Por aqui, o esforço de renovação tem se concentrado na superfície, mais claramente no nome da sigla. O DEM, que substituiu o PFL, se esforçou para apagar sua ligação com a ditadura militar. O PMDB, mais recentemente, tirou o P de partido, mas não conseguiu acender a velha chama que Ulisses Guimarães carregou por anos a fio, sob os hinos da liberdade, dos direitos humanos e da democracia. Bolsonaro tenta criar um partido para chamar de seu, o Aliança pelo Brasil, cujo escopo aponta para três Bs: boi, bíblia e bala.
Cheguemos perto do PT. Onde está a coluna vertebral do ente criado em fins dos anos 80 no ABC Paulista, sob o calor do chão de fábricas, o grito rouco de Lula, a bandeira vermelha do socialismo e a corrente uníssona de trabalhadores? Hoje, o PT está no epicentro da crise política que, há tempos, massacra a imagem de protagonistas, muitos expulsos da vivência congressual pelo voto, alguns detidos e outros respondendo a processos.
O PT está na caldeira fervente da Operação Lava-Jato. A sigla saiu da redoma do exclusivismo ético e moral em que se refugiou por muito tempo. Já não tem credibilidade para fazer a pregação entre “nós e eles”. O PT, como outros entes partidários, pode fazer algo para limpar sua fachada?
O governador do Maranhão, Flávio Dino, apontou uma pista. Estreita, mas pode ser o início de ampla remodelagem. Sugeriu a mudança de nome. Surgiu até a expressão “retrofit”. Esse termo, surgido na Europa e Estados Unidos, significa “colocar o antigo em forma” (retro do latim “movimentar-se para trás” e fit do inglês, significando adaptação, ajuste).

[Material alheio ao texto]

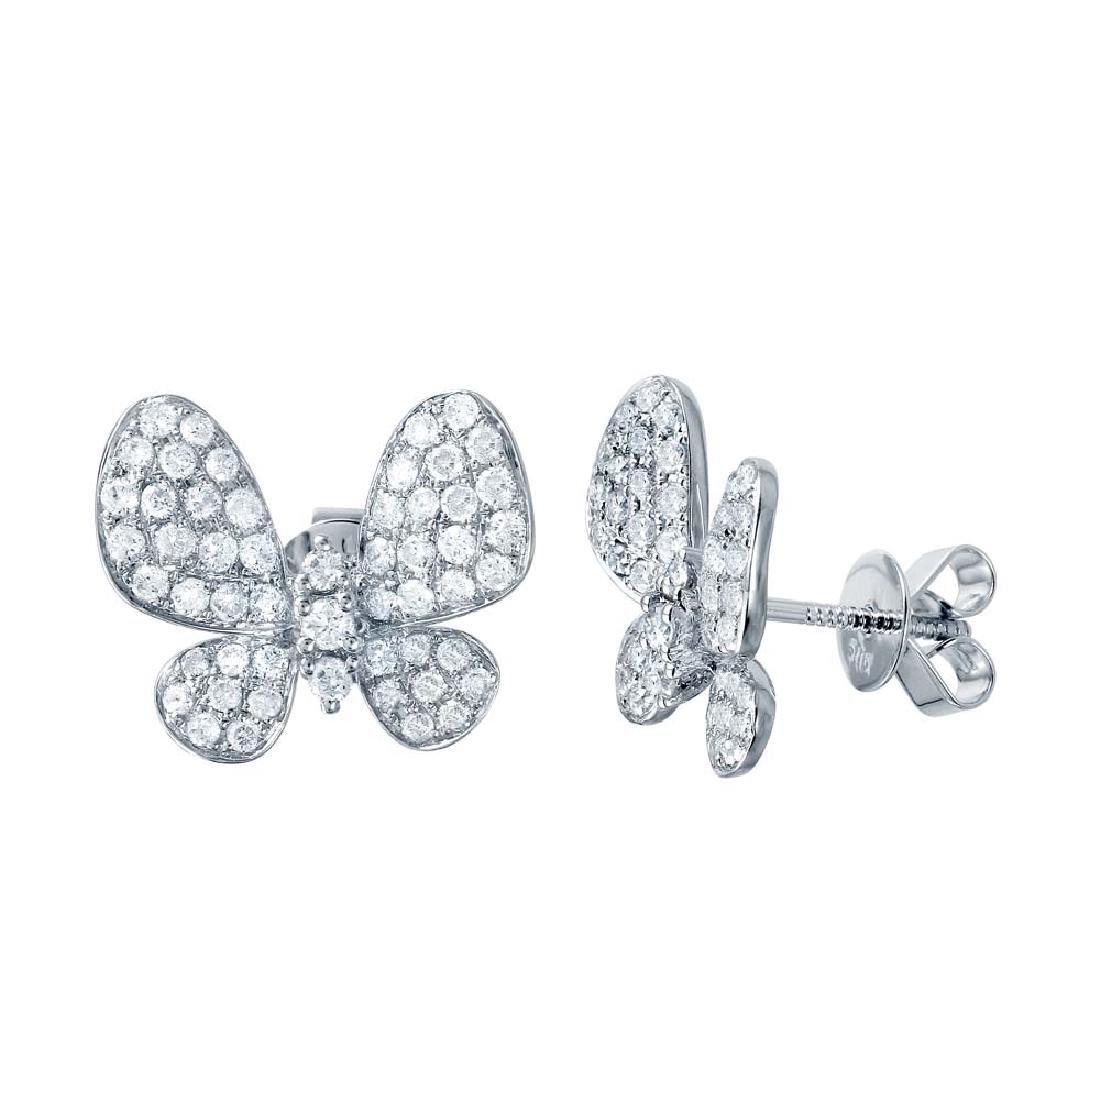 Genuine 1.31 TCW 14K White Gold Ladies Earring

Nesse ponto, convém lembrar o conceito de identidade e de imagem. Identidade é a soma do escopo programático, tradição, lutas, história de sucesso e insucesso, quadros, enfim, tudo que lembre a grandeza do partido. Imagem, por sua vez, é a projeção da identidade, a percepção sensitiva captada pelos cidadãos, a ideia que se tem da agremiação.
A imagem dos partidos brasileiros está no fundo do poço. E sua elevação para níveis satisfatórios não se dará apenas por meio de artifícios do marketing, o que chamo também da cosmética partidária. Voltemos ao exemplo da parede. Pintar uma parede velha sem mexer no reboco poderá deixá-la bonita por pouco tempo.
Mais que retrofit imagético, os partidos deverão mexer em sua completa engenharia, montando uma base de conceitos e programas, um arsenal de compromissos, estruturas sólidas capazes de suportar as tempestades da política. E o que acontecerá se as siglas não se vestirem com o manto de conteúdos? Ora, afastamento progressivo da sociedade. Os eleitores acabarão votando em figuras do momento, aventureiros, impostores, perfis canhestros e sem preparo.
O momento sugere seguir os passos de Zaratustra, o profeta de Nietsche: “novos caminhos sigo, uma nova fala me empolga. Cansei-me das velhas línguas. Não quer mais o meu espírito caminhar com solas gastas.”